### [Instructions to follow]
Transcribe all of the data exactly. Images stay out.

──────── Information shown

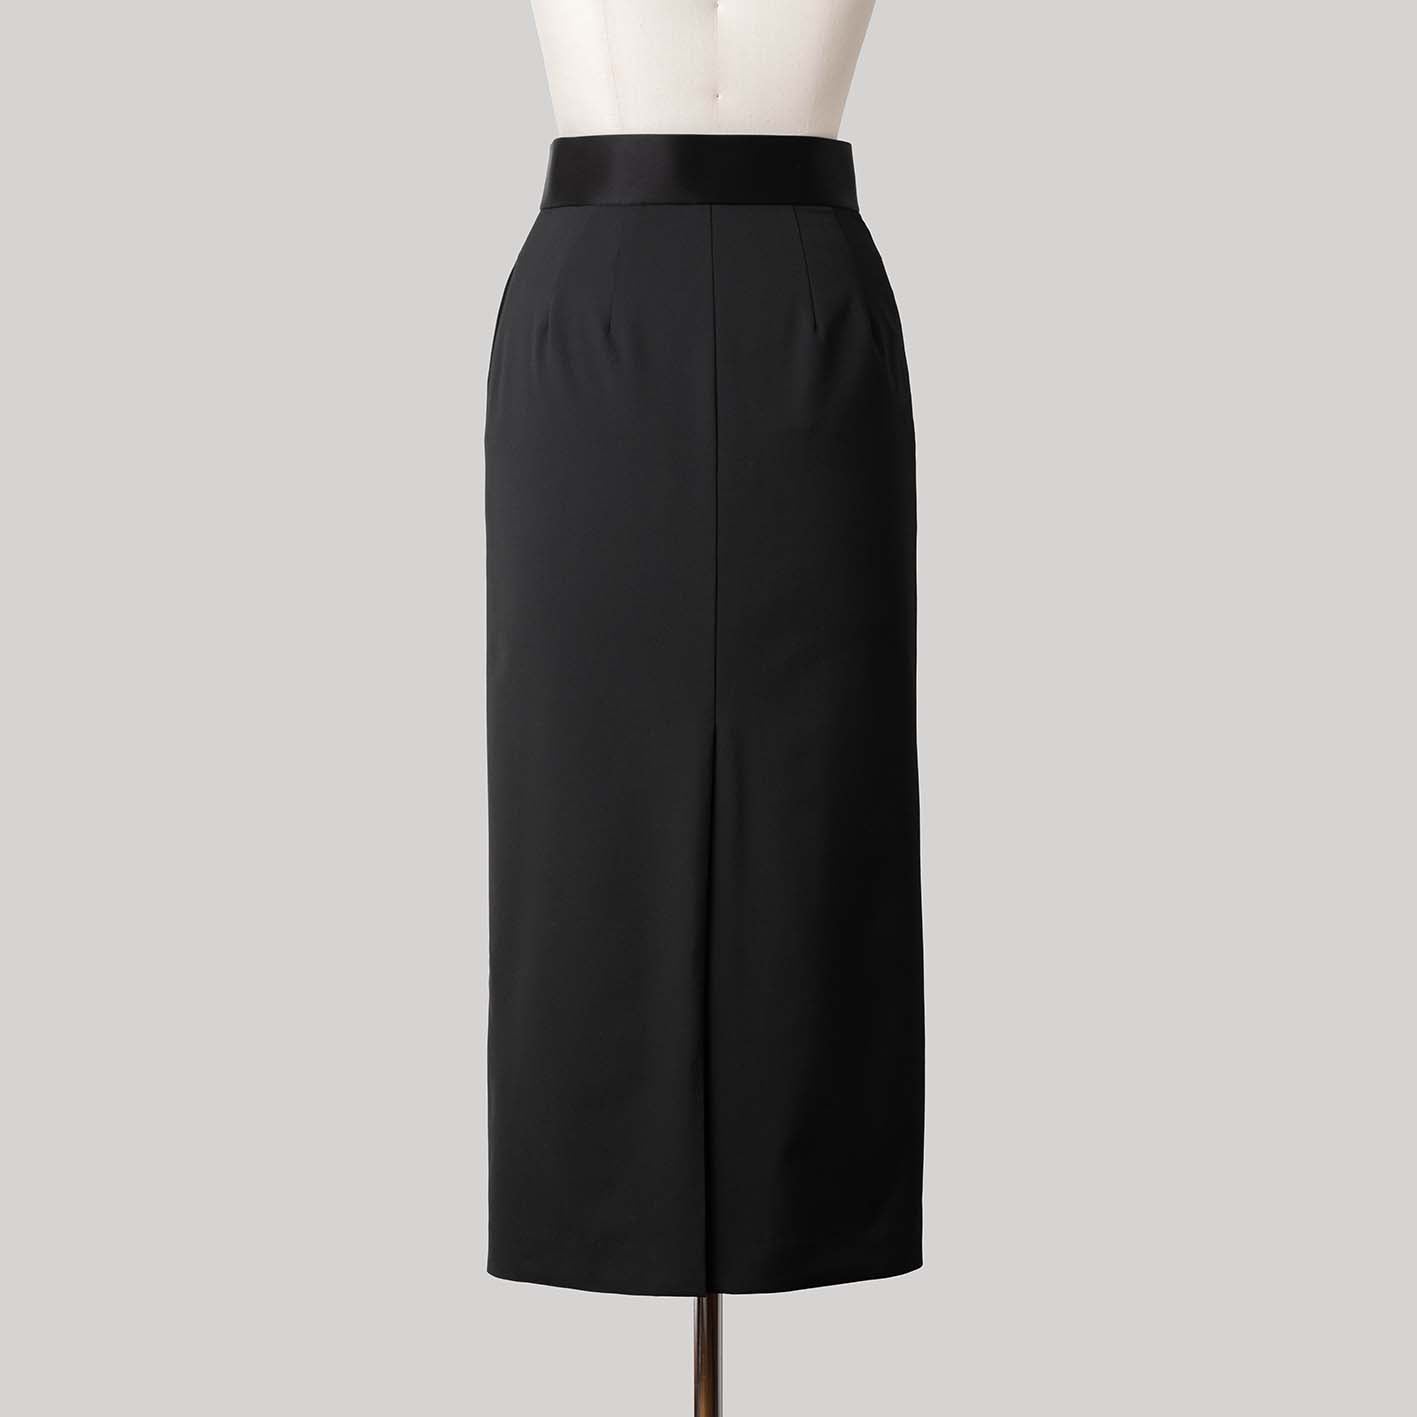 High waist tight skirt
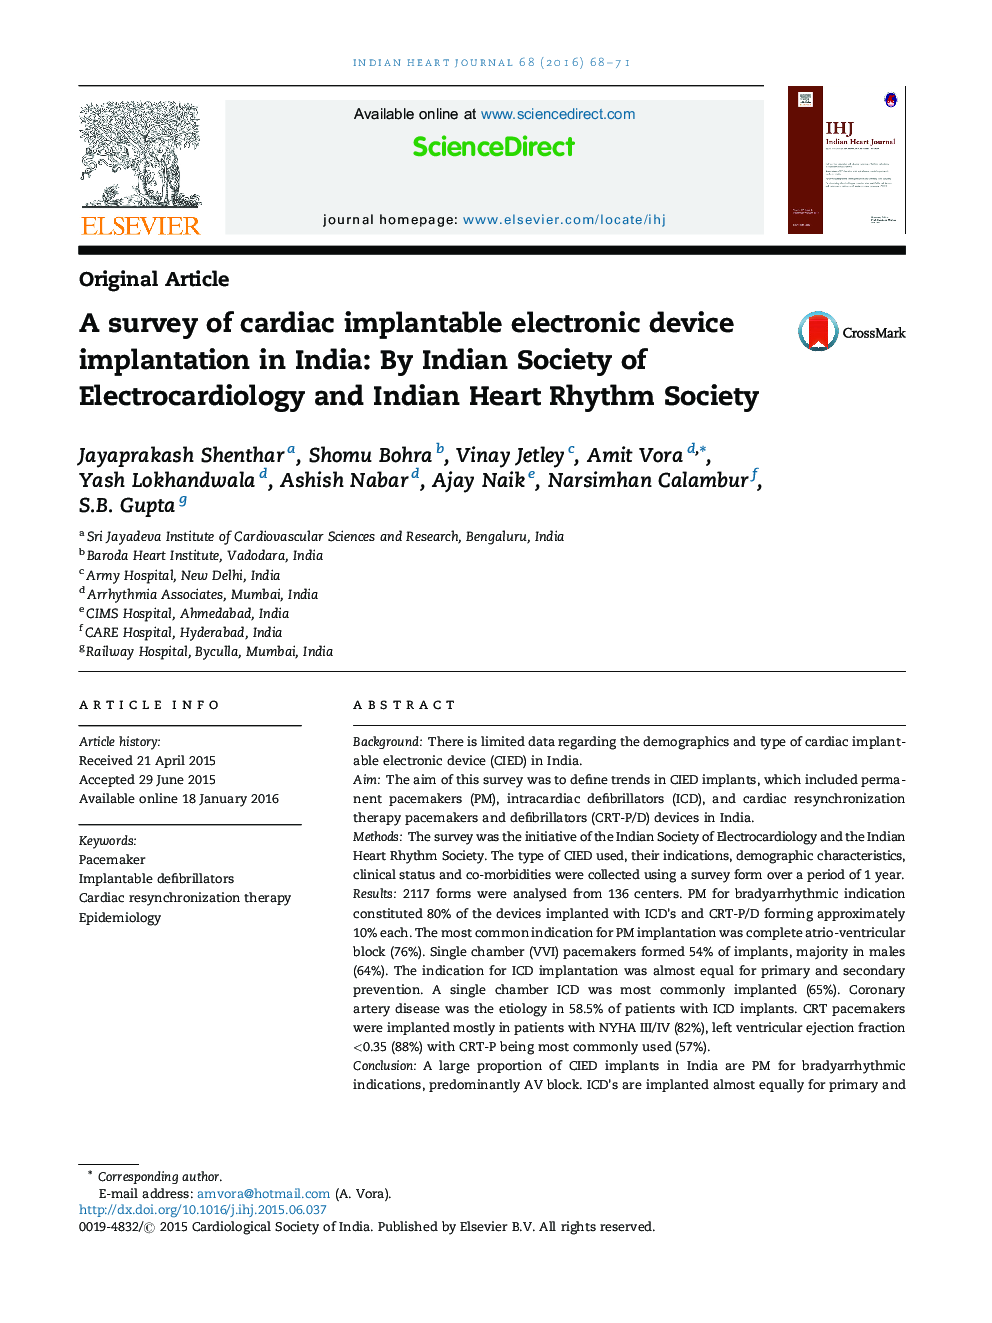 یک نظرسنجی از پیوند دستگاه ایمنی الکترونیکی قابل کشت قلبی در هند: توسط انجمن الکتروکاردیولوژی هند و انجمن ریتم قلب هند
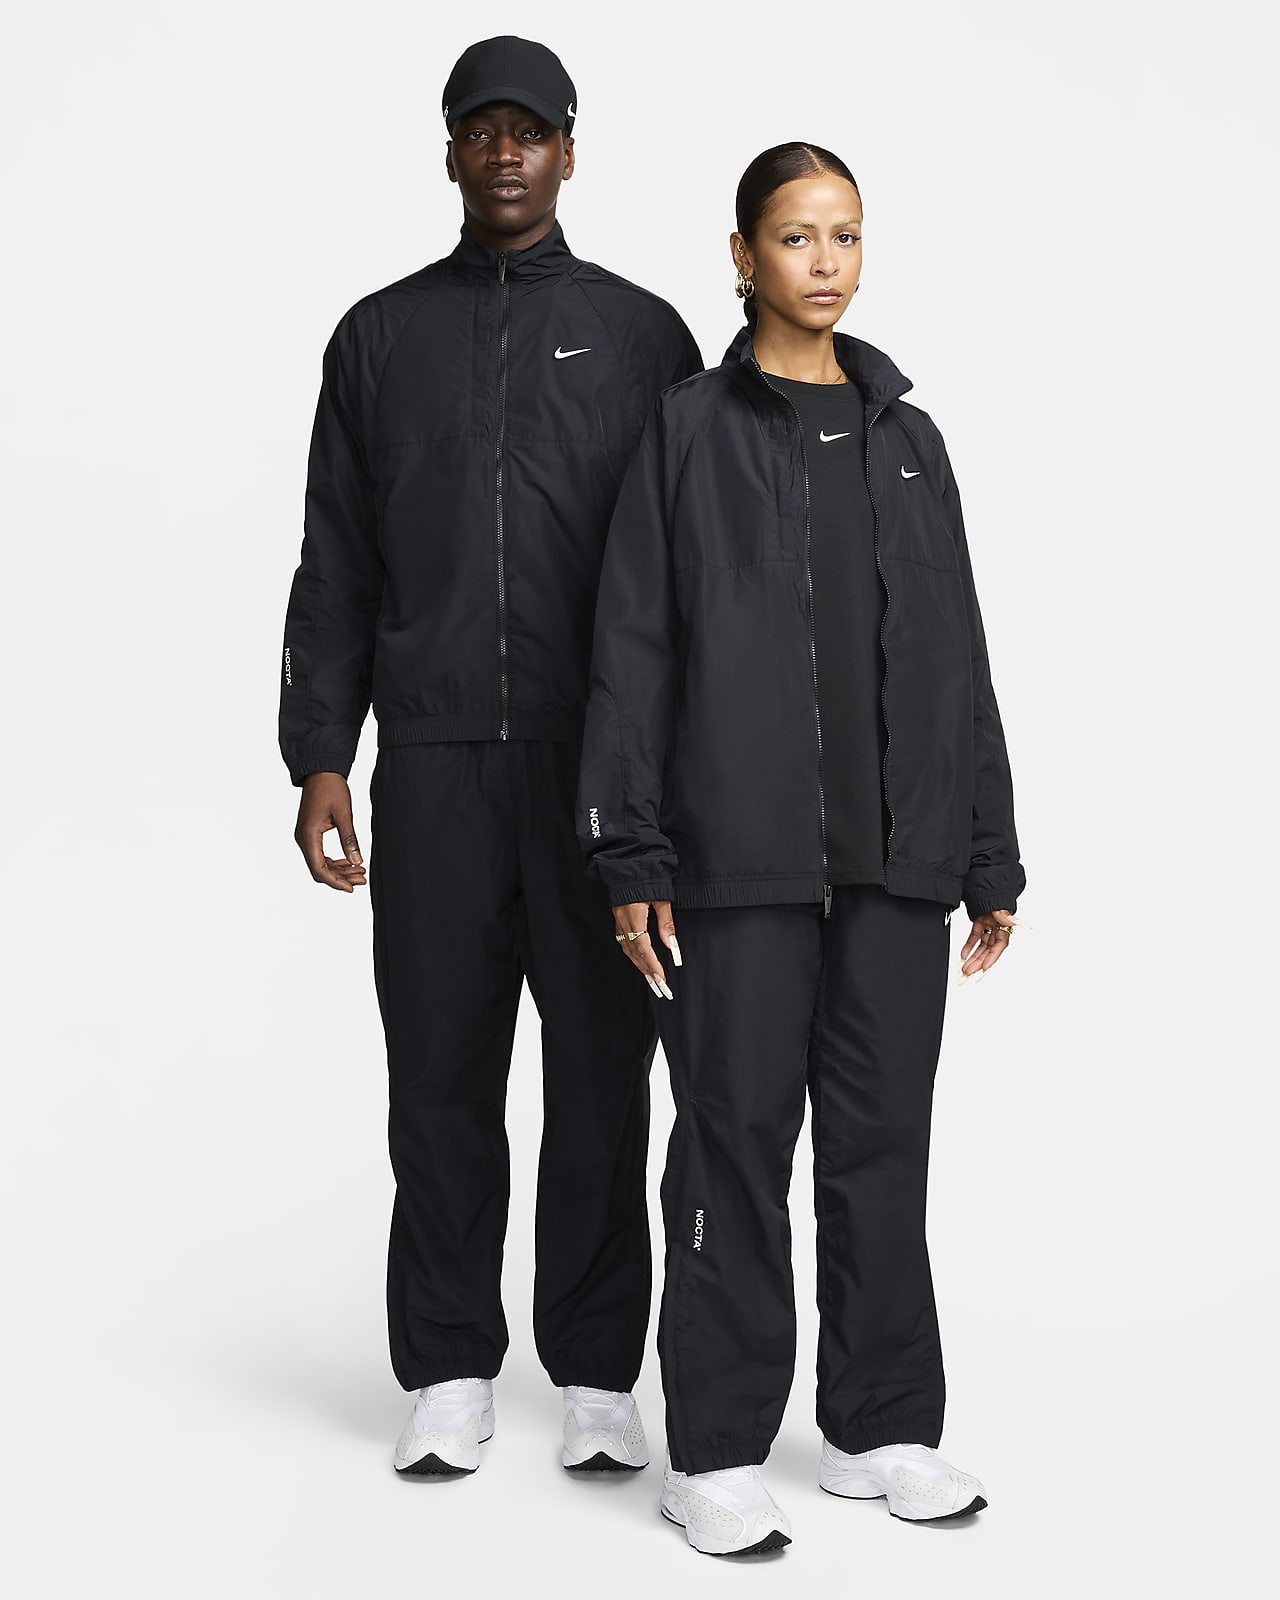 NOCTA Nylon Tracksuit Jacket. Nike ID

────────────────

### [Answer to this problem]
 High waist tight skirt
 یک نظرسنجی از پیوند دستگاه ایمنی الکترونیکی قابل کشت قلبی در هند: توسط انجمن الکتروکاردیولوژی هند و انجمن ریتم قلب هند
 NOCTA Nylon Tracksuit Jacket. Nike ID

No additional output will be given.